VDI vs DaaS: 5 Key Differences and 6 Leading Solutions

Virtual Desktop Infrastructure (VDI) technology enables you to deploy virtual machines (VMs) as an on-premise or cloud resource. Desktop as a Service (DaaS) solutions provide the same capability, but as a managed service offered by cloud vendors. However, cloud management is not the only difference between VDI and DaaS.

In this post, we examine the main differences between VDI and DaaS, including architecture, platforms, pricing, control, as well as agility and elasticity. We also briefly review the leading VDI and DaaS providers, and show how NetApp Cloud Volumes ONTAP can simplify DaaS and VDI management across multicloud and hybrid architectures.

In this article, you will learn:

What Is Virtual Desktop Infrastructure (VDI)?

VDI technology enables you to deliver desktops via virtual machines (VMs) hosted on-premises or in the cloud.

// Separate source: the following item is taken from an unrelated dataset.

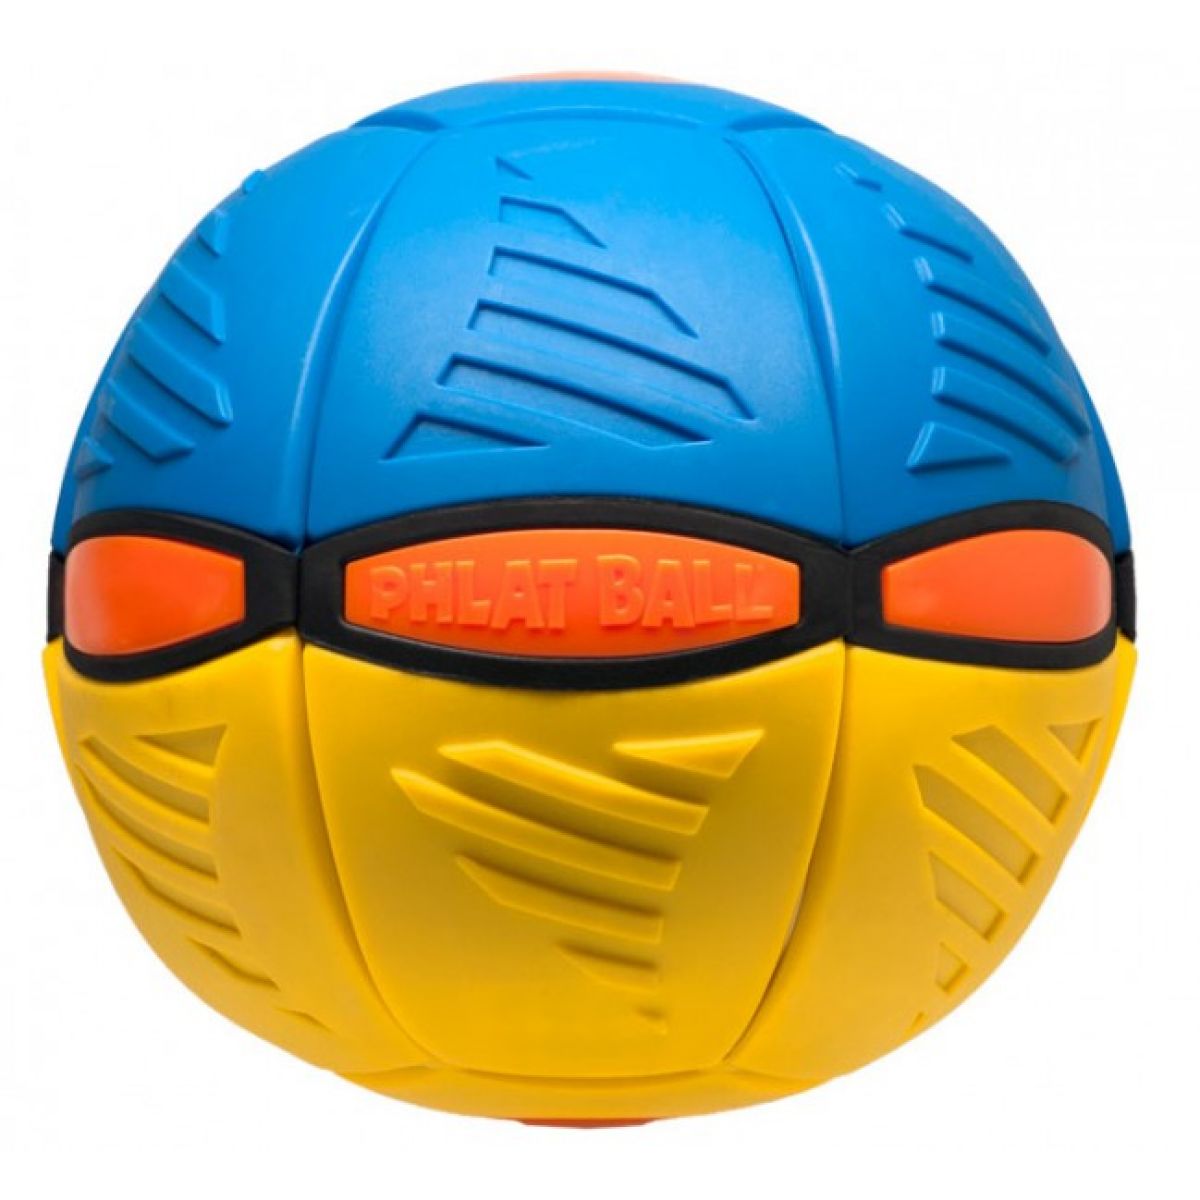 Phlat Ball V3 - Žlto-modrá

These desktops are managed from a central server and deployed to user clients. Originally called end-user computing (EUC), this desktop virtualization method was made popular by VMware, which standardized the term VDI.

What Is Desktop as a Service (DaaS)?

DaaS is similar to VDI but is provided as a managed service from cloud vendors. In DaaS services, virtual desktops are hosted on managed cloud infrastructure and remotely delivered to user clients. These services can be combined with the cloud providers’ other services and are billed on a subscription basis.

VDI vs DaaS: 5 Key Differences

Although the end result is similar, VDI software and DaaS deployments have different benefits and challenges. Below is a comparison of these two options explaining these differences.

  1. Single-tenant vs multi-tenant

VDI deployments are based on a single-tenant model with resources dedicated to a single organization or user. This model provides you with complete control over the configuration and distribution of your resources. It also eliminates the chance that other users’ resource demands affect your own deployments.

In contrast, most DaaS services are based on multi-tenant models. In these models your service is hosted on servers or in data centers shared with other organizations. The services of each client are isolated and only available to that organization, but the resources are dynamically shared. This means other clients’ resource use or security can affect your own if services are compromised.

  1. Platform

In VDI deployments, you are responsible for all installation, maintenance, and management. If deployments are hosted on-premises, this means maintaining and housing hardware in addition to virtual machines. If deployments are hosted in off-site private cloud, your host provider maintains and may manage infrastructure for you.

With DaaS deployments, your infrastructure is managed, and you are not responsible for maintenance or management. The provider handles hardware monitoring, upgrades, availability, and troubleshooting. With DaaS, you also get access to technical support from your provider.

  1. Cost

VDI deployments require significant capital expenses (CapEx), particularly if you need to purchase or upgrade servers and data centers. However, once hardware is purchased and configured, organizations can begin paying down technical debt and do not have to worry about ongoing subscription costs. For enterprise-grade organizations with predictable growth and resource requirements, the upfront investment is often cheaper than DaaS.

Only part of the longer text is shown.